** Supplied records **
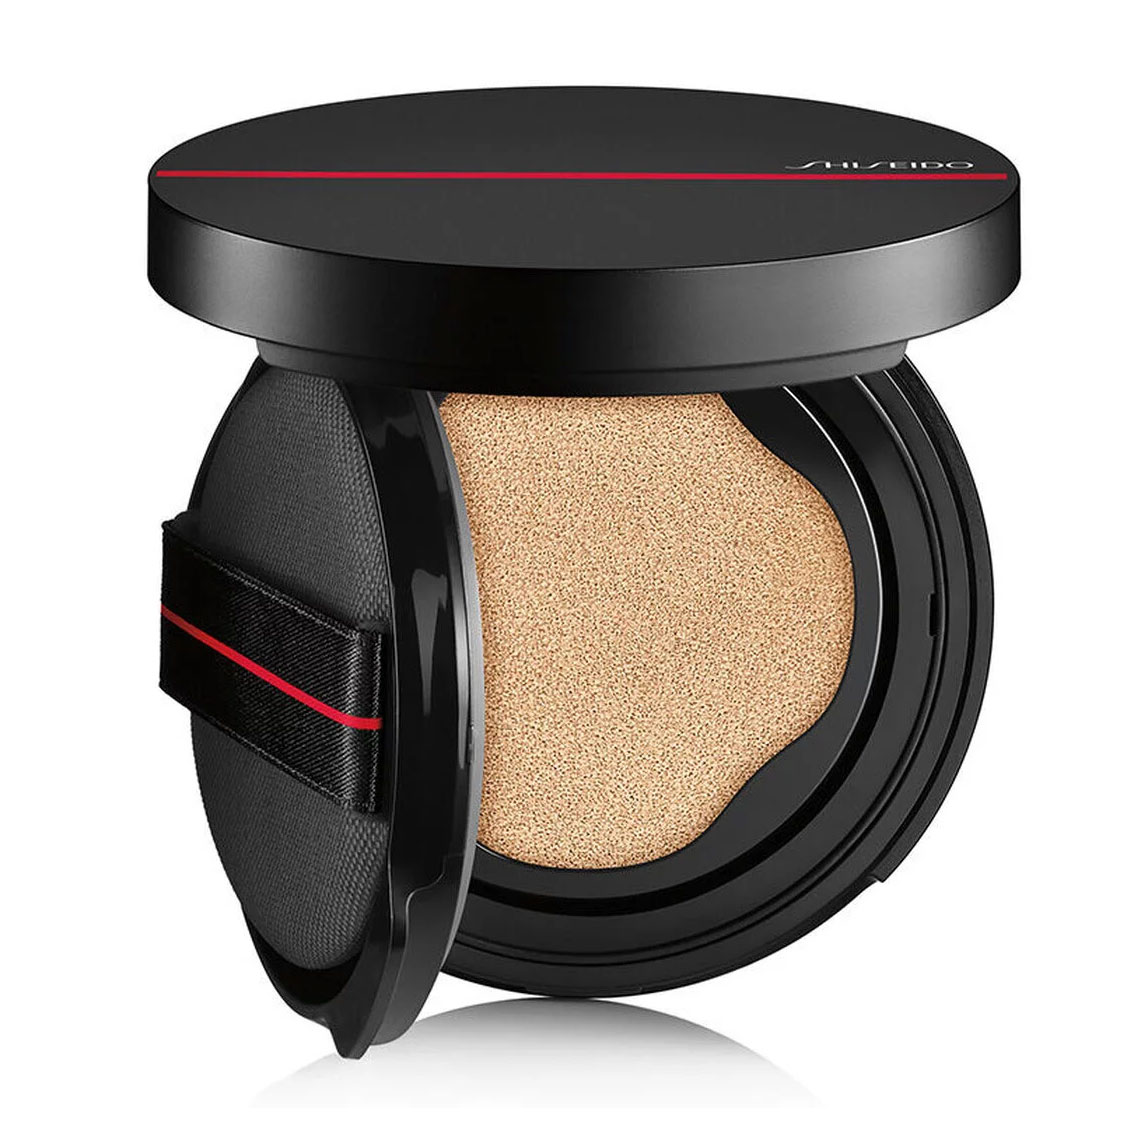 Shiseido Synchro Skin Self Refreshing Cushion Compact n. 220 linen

--

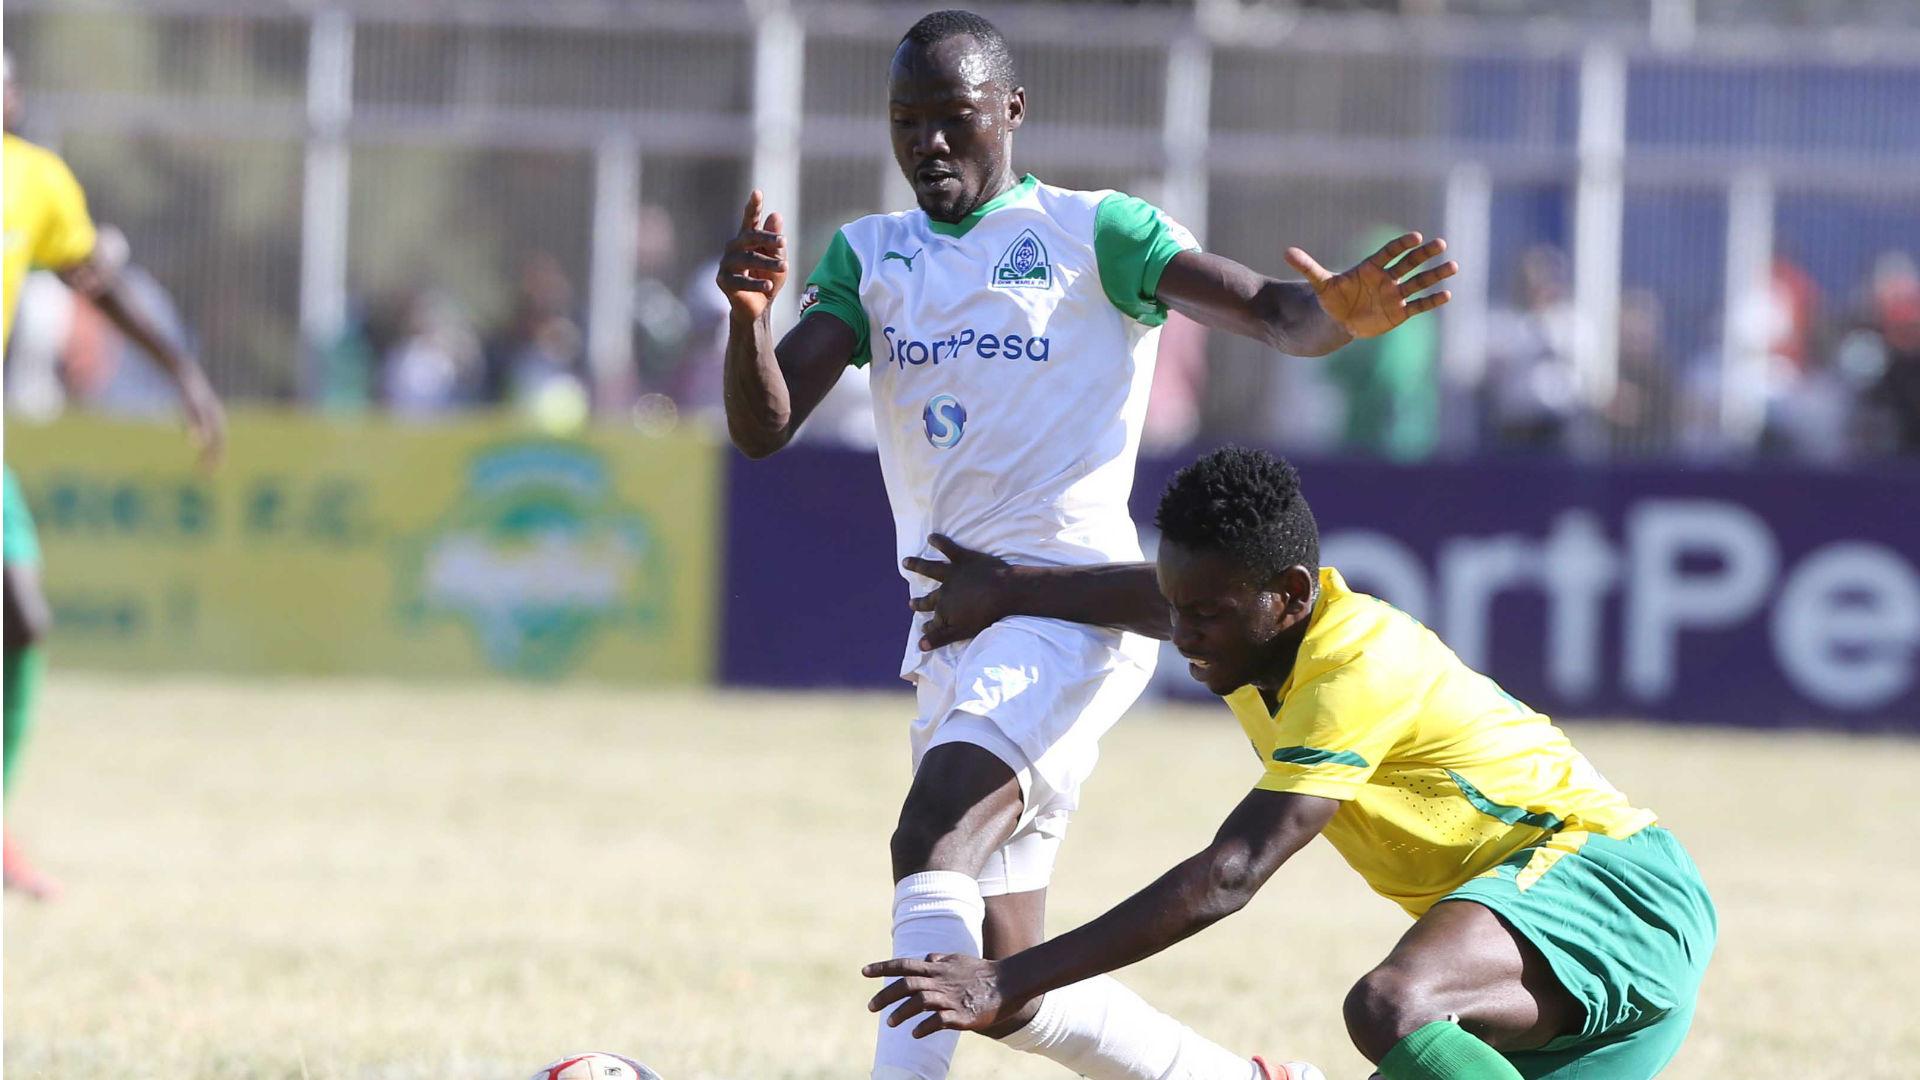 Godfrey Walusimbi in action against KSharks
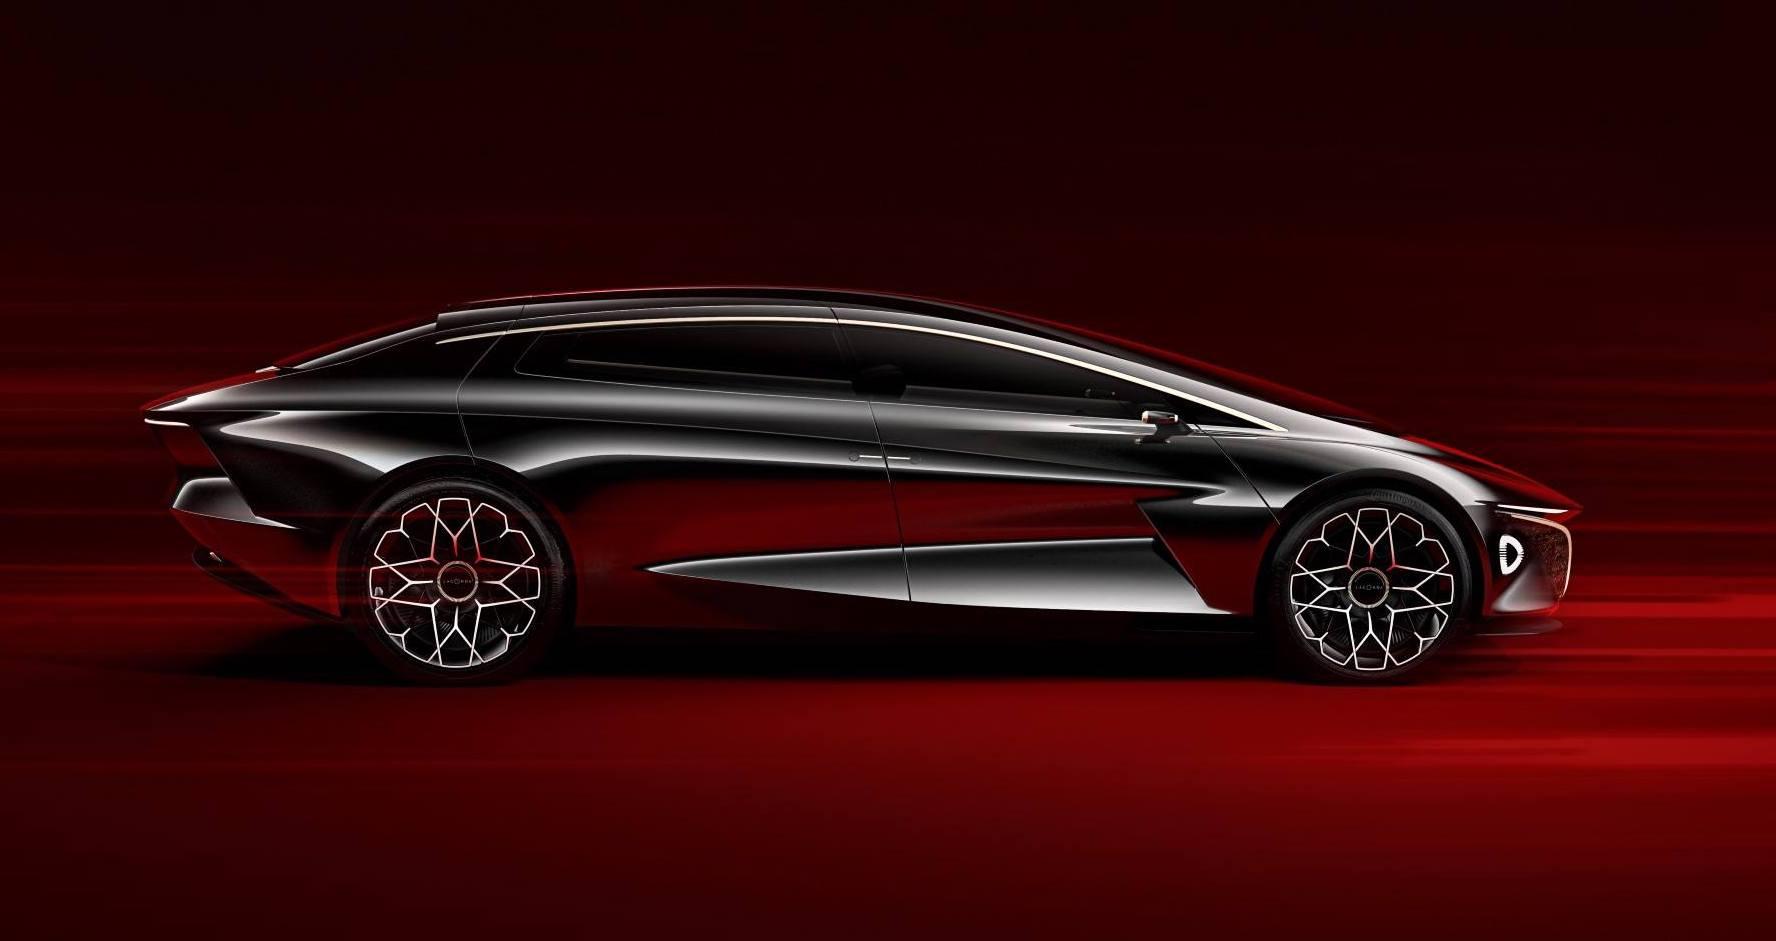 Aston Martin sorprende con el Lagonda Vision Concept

* * *

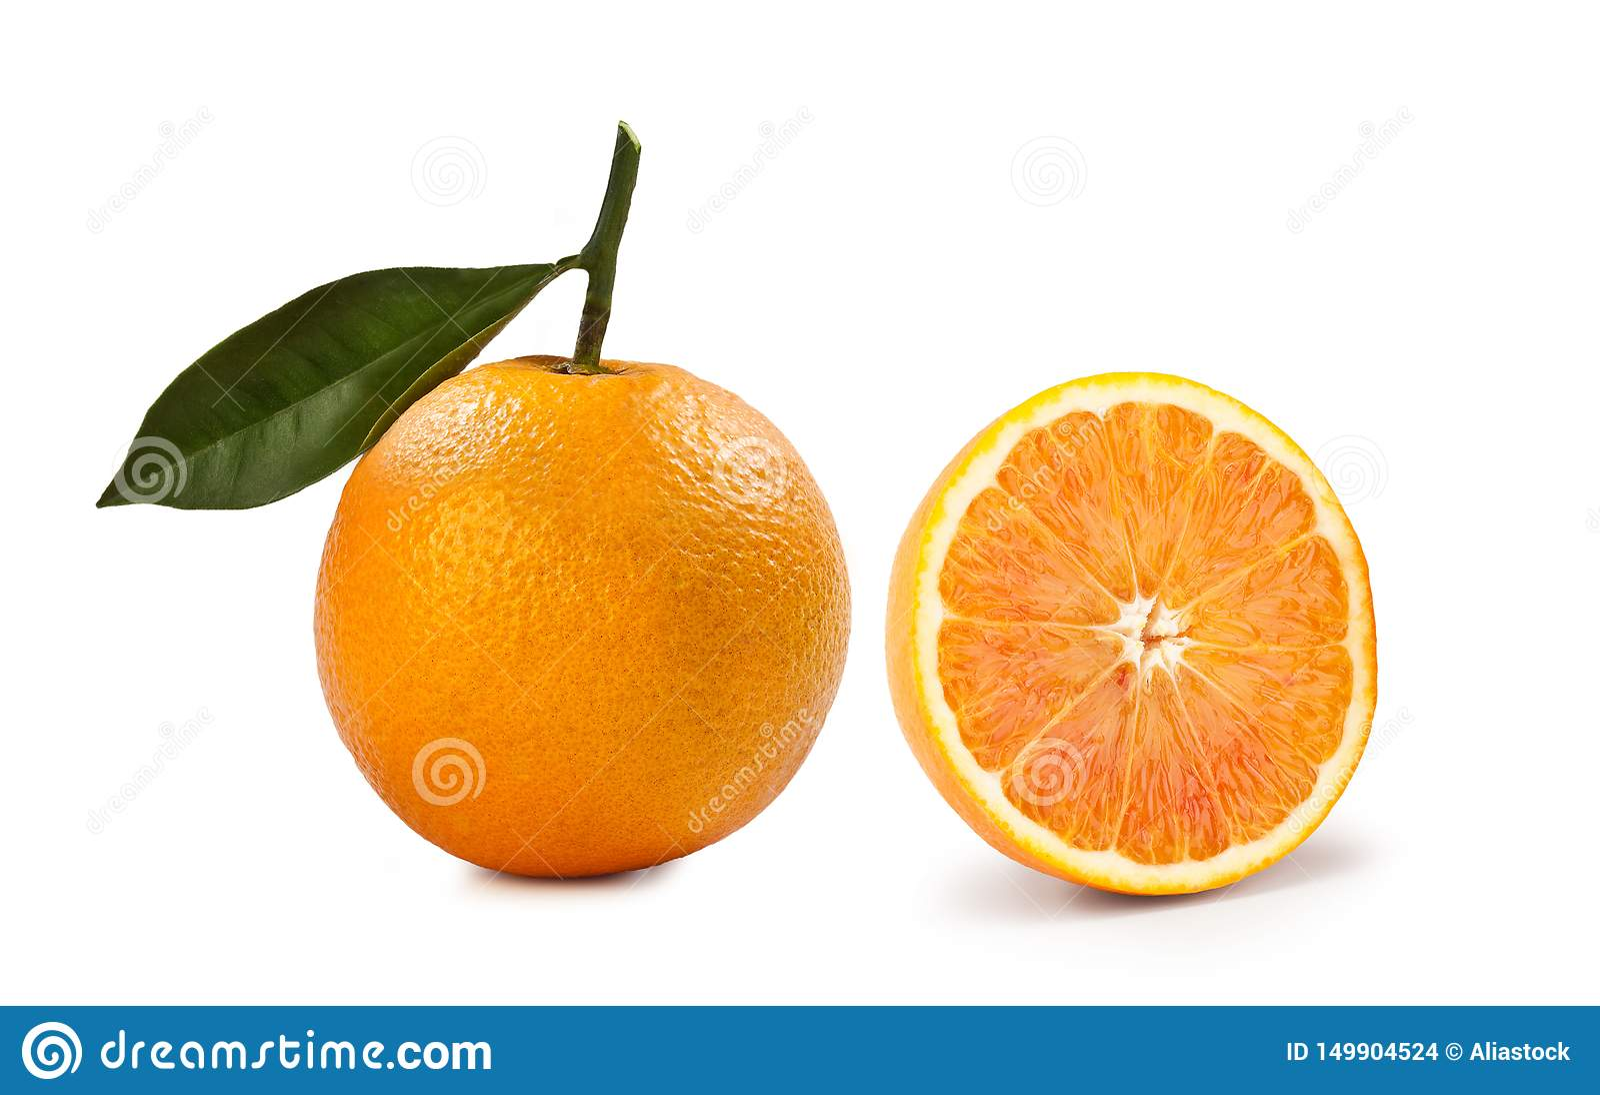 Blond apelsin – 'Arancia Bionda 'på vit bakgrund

** Task to carry out **
Look above for the line containing "Godfrey Walusimbi in action against KSharks", then copy exactly from it through the line containing "Aston Martin sorprende", keeping both and leaving out pictures. Add nothing else.

** Answer to this task **
 Godfrey Walusimbi in action against KSharks
 Aston Martin sorprende con el Lagonda Vision Concept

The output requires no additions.